Just stop. When you read that, imagine Shia LaBeouf telling you to just NOT do it. Simply do the web search “benefits of procrastination,” and you will find countless articles using science to back up their claims that procrastination has hidden benefits. It does not.

    Read The Art of Procrastination by John Perry, or Marion Fayolle’s article “Why I Learned to Procrastinate” for the New York Times. In her case, she was an overachiever during her college years and over time trained herself to hold off on projects for the sake of creativity. That does not sound like an accomplishment; instead, that sounds like taking several steps back.

    Now, some of these articles genuinely believe that taking a time out from the nonstop bombardment of tasks will be more helpful to your study time than detrimental, and that much is true, according to Psych Central News: “new findings overturn traditional theory about the nature of attention and demonstrate that even brief diversions from a task can dramatically improve one’s ability to focus on that task for prolonged periods.”

    But there is a distinct difference between punctuating dedicated study time with breaks and intentionally delaying a pressing task for a reason. The general understanding here is that college level work is incredibly stressful. Students have very real and very serious reasons they might procrastinate on a task In a study done by the University of Vermont for the American Psychological Association, they noted that “evaluation anxiety, difficulty in making decisions, rebellion against control, lack of assertion, fear of the consequences of success, perceived [difficulty] of the task, and overly perfectionistic standards about competency” were all contributing factors to the reasons that produced chronic procrastinators, specifically in college students.

    However, perpetuating the idea that procrastination has hidden benefits or actually helps students in the long run can seriously harm their future success. One such article that argues this point from Thought Catalog titled “19 Unexpected Advantages to Being a Procrastinator” lists and explains several reasons why procrastinators are just fine. According to Kovie Biakolo, one of her reasons is that “You get to delay any negative emotions or experiences with doing something you don’t like by constraining it to the least amount of time possible. And you get to do this with relatively little backlash.”

    This is understandable, and it is probably the most tangible benefit of procrastination. You do not have to experience doing the task until you absolutely have to experience doing the task.

    But does this actually help you? The Association for Psychological Science does not think so. They say “Chronic procrastinators have perpetual problems finishing tasks, while situational ones delay based on the task itself. A perfect storm of procrastination occurs when an unpleasant task meets a person who’s high in impulsivity and low in self-discipline.”
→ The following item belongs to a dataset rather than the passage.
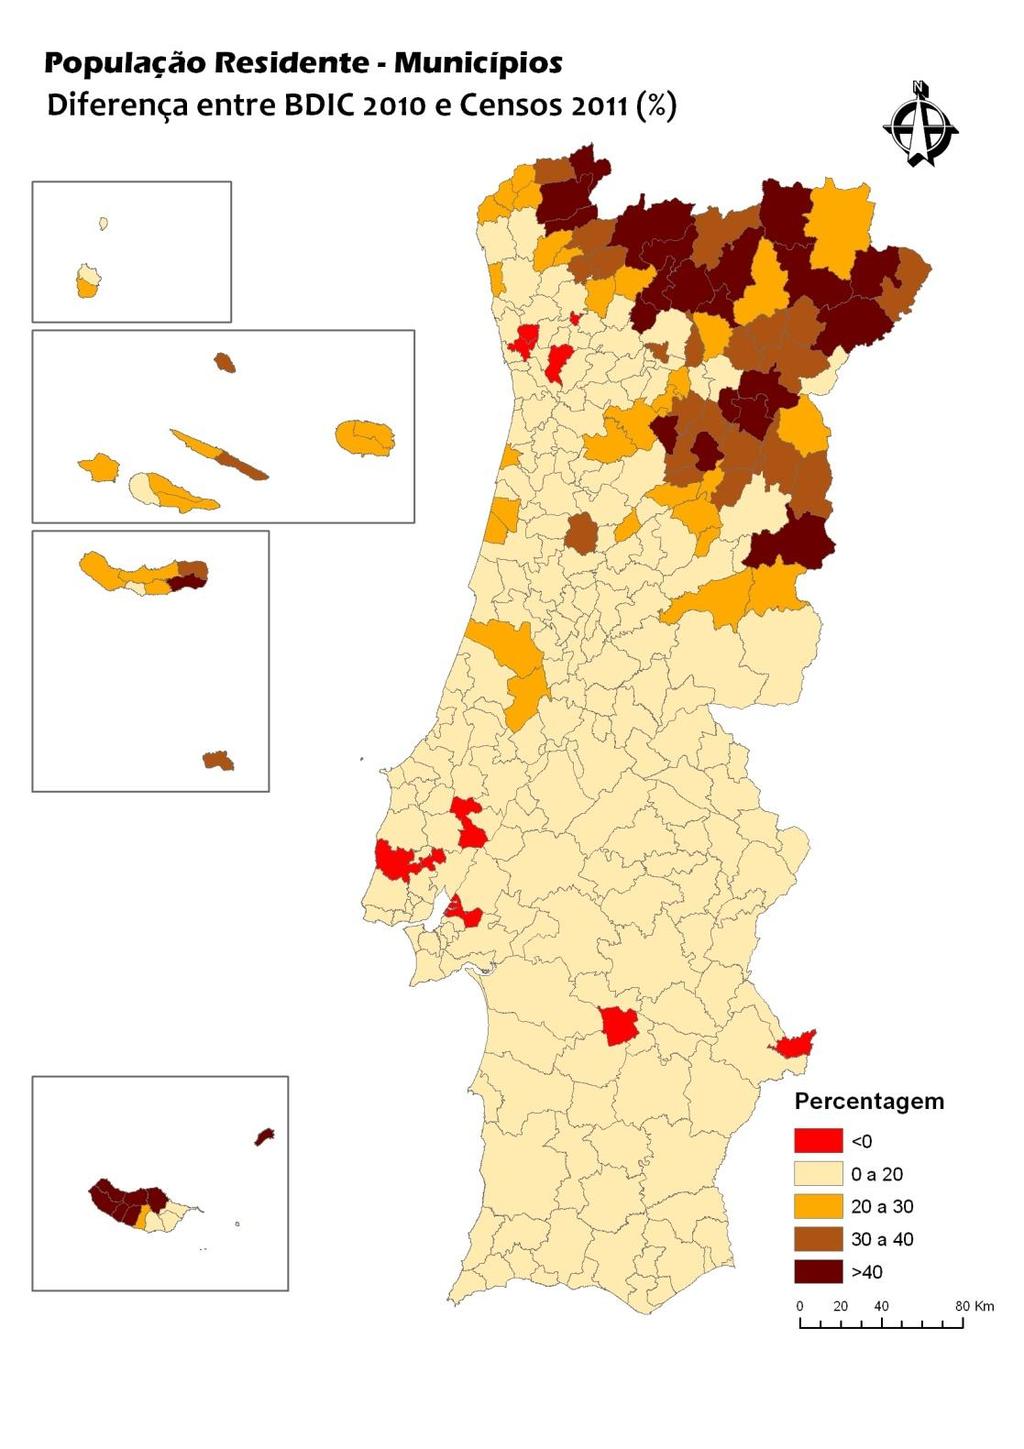 Fig 4 Diferença entre a BDIC 2010 e os Censos 2011, em percentagem Da análise da figura 3, conclui-se que são os municípios localizados na faixa litoral a partir de Lisboa para Norte aqueles que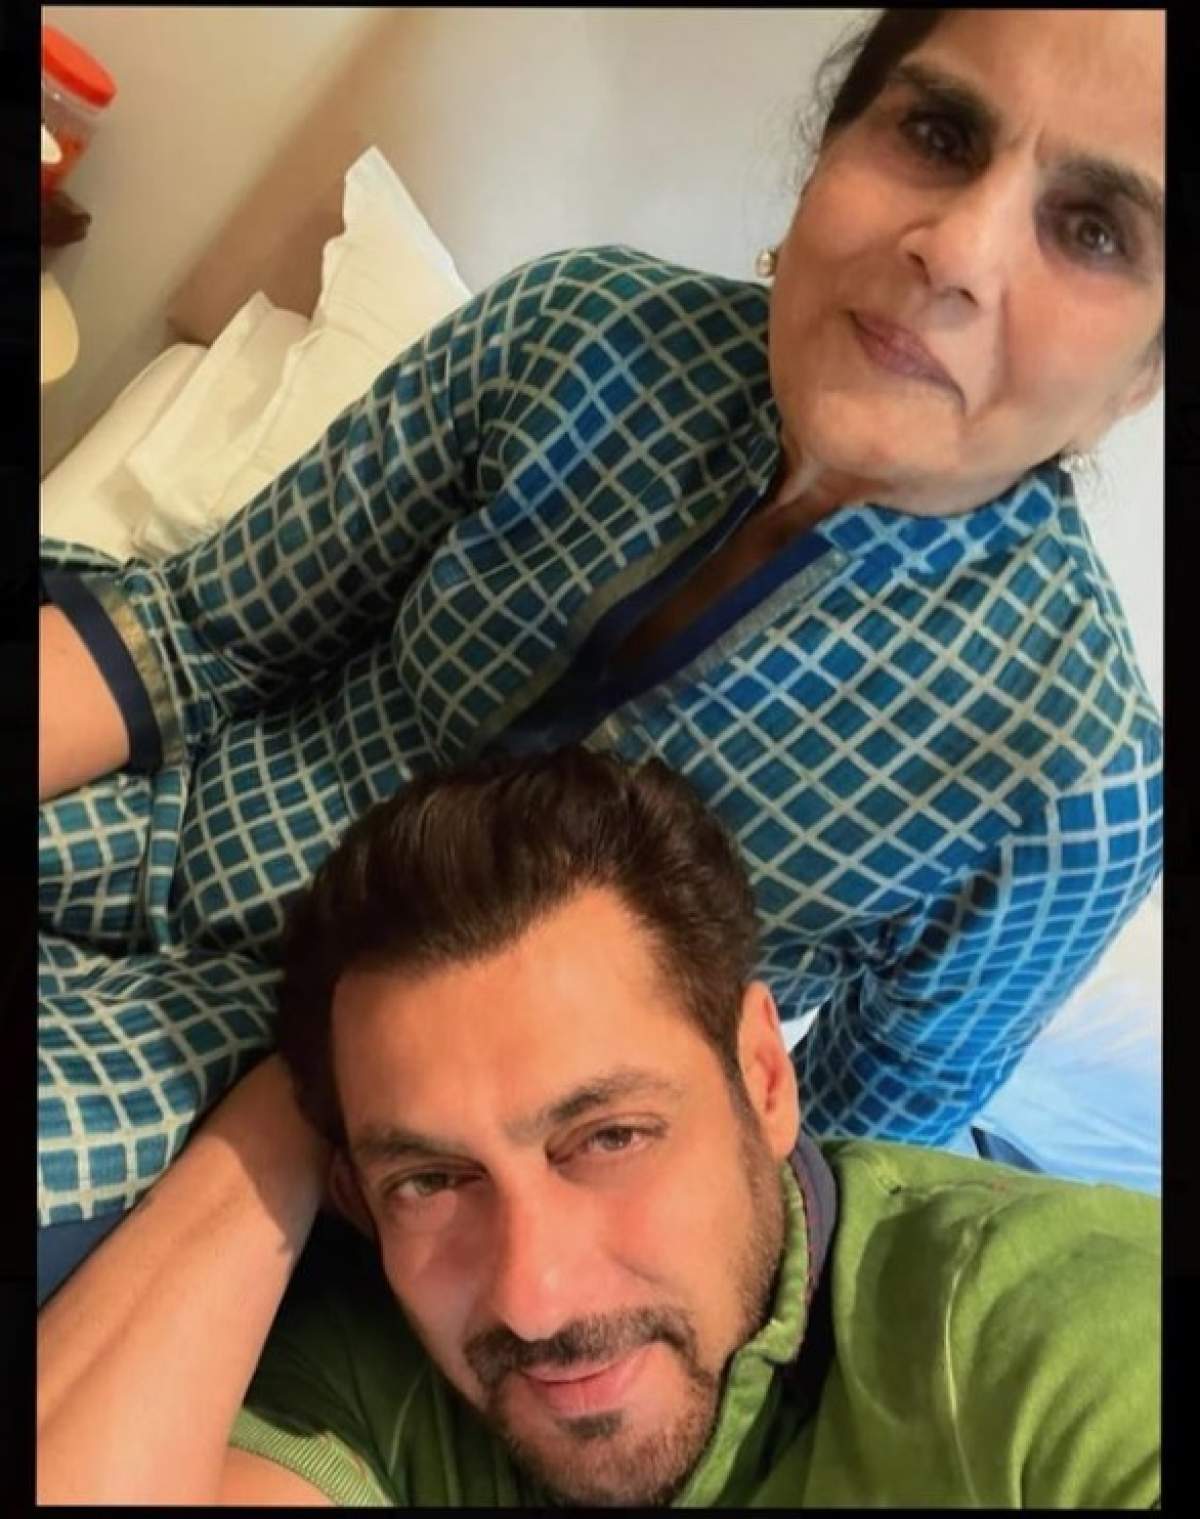 Cine este Sushila Charak, mama lui Salman Khan. Cum arată femeia în vârstă de 76 de ani

    “High in impulsivity and low in self-discipline”? That does not sound good. In fact, that sounds like something that comes around and bites you gleefully in the butt later. What the APA is saying is that procrastination messes with our rewards system. We delay unpleasantness for pleasure in the moment, and we justify it by saying, like Biakolo states, procrastinators “solve problems by not thinking about the problem…your subconscious mind works on finding a solution.”

    The APA answers that, too: “Psychological scientists have a serious problem [with the view that procrastination is a helpful tool]. They argue that it conflates beneficial, proactive behaviors like pondering (which attempts to solve a problem) or prioritizing (which organizes a series of problems) with the detrimental, self-defeating habit of genuine procrastination. If progress on a task can take many forms, procrastination is the absence of progress.”

    Those who have studied procrastination deem it a bad habit. By all means, take that study break. Exercise, snack, watch a video. But then you need to get back to work and break the cycle.